Lawson Products, Inc. v. Morichelli

CourtDistrict Court, N.D. Illinois
DecidedDecember 14, 2023
Docket1:23-cv-05314
StatusUnknown

This text of Lawson Products, Inc. v. Morichelli (Lawson Products, Inc. v. Morichelli) is published on Counsel Stack Legal Research, covering District Court, N.D. Illinois primary law. Counsel Stack provides free access to over 12 million legal documents including statutes, case law, regulations, and constitutions.

Bluebook
Lawson Products, Inc. v. Morichelli, (N.D. Ill. 2023).

Opinion

UNITED STATES DISTRICT COURT FOR THE NORTHERN DISTRICT OF ILLINOIS EASTERN DIVISION

LAWSON PRODUCTS, INC.,

Plaintiff, No. 23 CV 5314

v. Judge Manish S. Shah

MICHAEL MORICHELLI,

Defendant.

MEMORANDUM OPINION AND ORDER Plaintiff Lawson Products, Inc. distributes products and services to the industrial, commercial, institutional, and governmental maintenance, repair, and operations market. Defendant Michael Morichelli worked for Lawson as a sales representative from 2020 to 2023. At the start of his employment with Lawson, Morichelli signed a Loyalty and Confidentiality Agreement that included a customer non-solicitation covenant. Morichelli left Lawson in March 2023 to start his own maintenance, repair, and operations company. He then solicited customers that fell within the non-solicitation covenant.

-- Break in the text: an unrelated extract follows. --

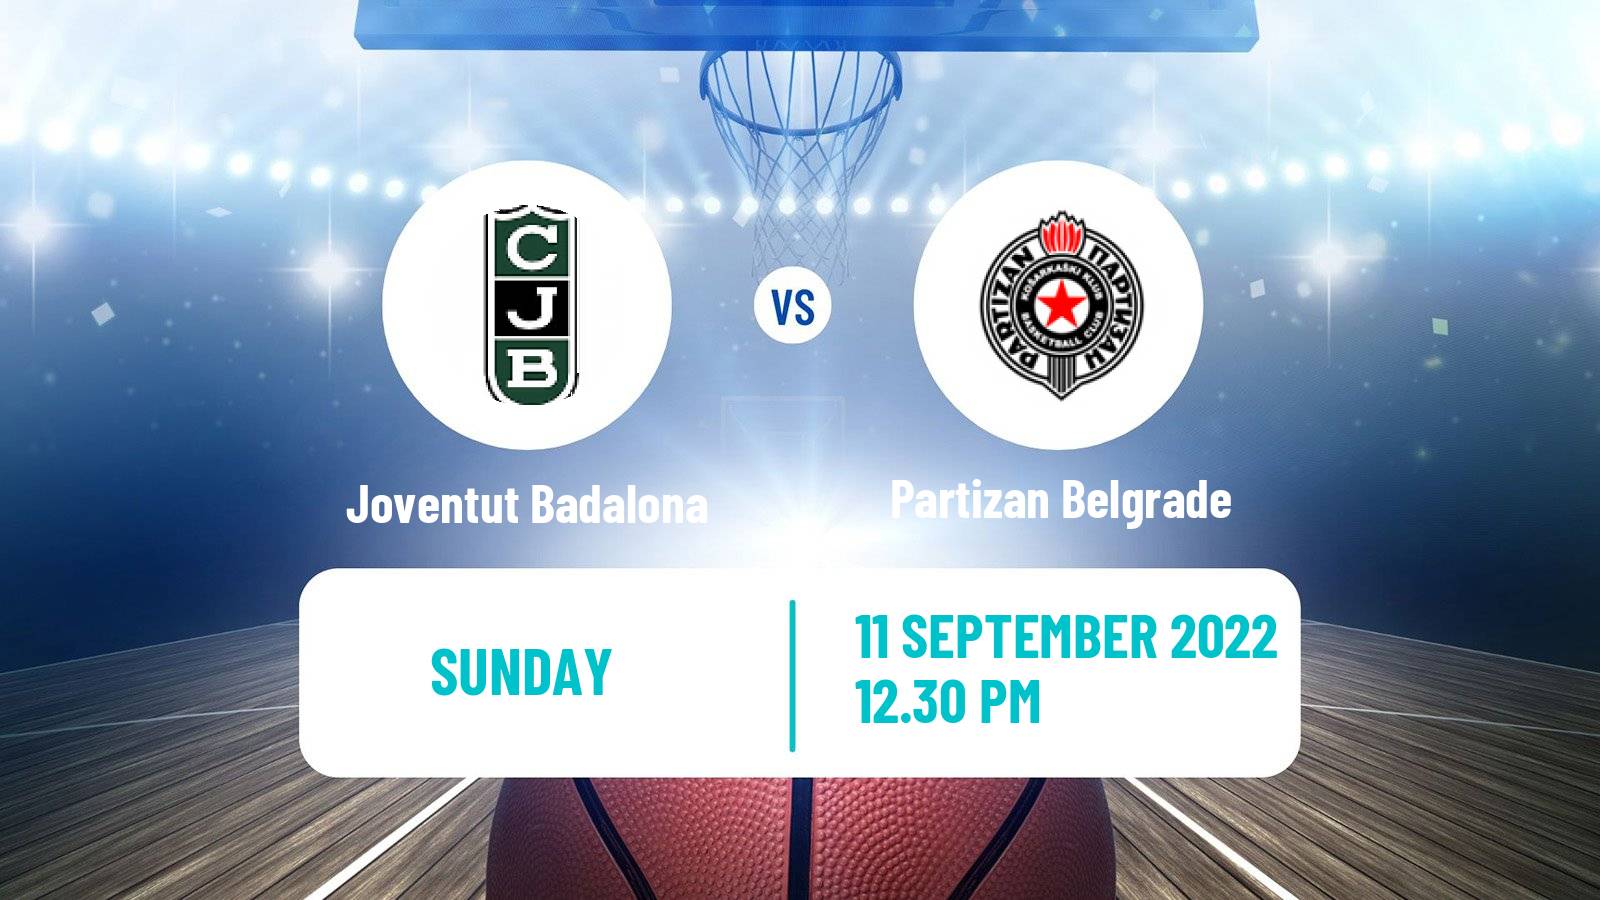 Basketball Club Friendly Basketball Joventut Badalona - Partizan Belgrade

Lawson seeks a preliminary injunction to enforce the non-solicitation contract. I. Legal Standards A preliminary injunction is “an extraordinary remedy never awarded as of right.” Winter v. Nat. Res. Def. Council, Inc., 555 U.S. 7, 24 (2008). A plaintiff seeking a preliminary injunction “must establish that he is likely to succeed on the merits, that he is likely to suffer irreparable harm in the absence of preliminary relief, that the balance of equities tips in his favor, and that an injunction is in the public interest.” Protect Our Parks, Inc. v. Buttigieg, 10 F.4th 758, 763 (7th Cir. 2021) (quoting Winter, 555 U.S. at 7). II. Facts

Lawson distributes products and services to the industrial, commercial, institutional, and governmental maintenance, repair, and operations market. [6-1] at 2, 25.1 Companies like Lawson compete to supply a wide range of goods such as fasteners, cutting tools, and chemicals to their customers. [15-1] ¶ 2; [6-1] at 2, 25. Products are uniform across the maintenance, repair, and operations industry and are frequently ordered from the same handful of large manufacturers. [15-1] ¶ 3. Lawson uses a “vendor-managed inventory” approach to sales. [6-1] at 26.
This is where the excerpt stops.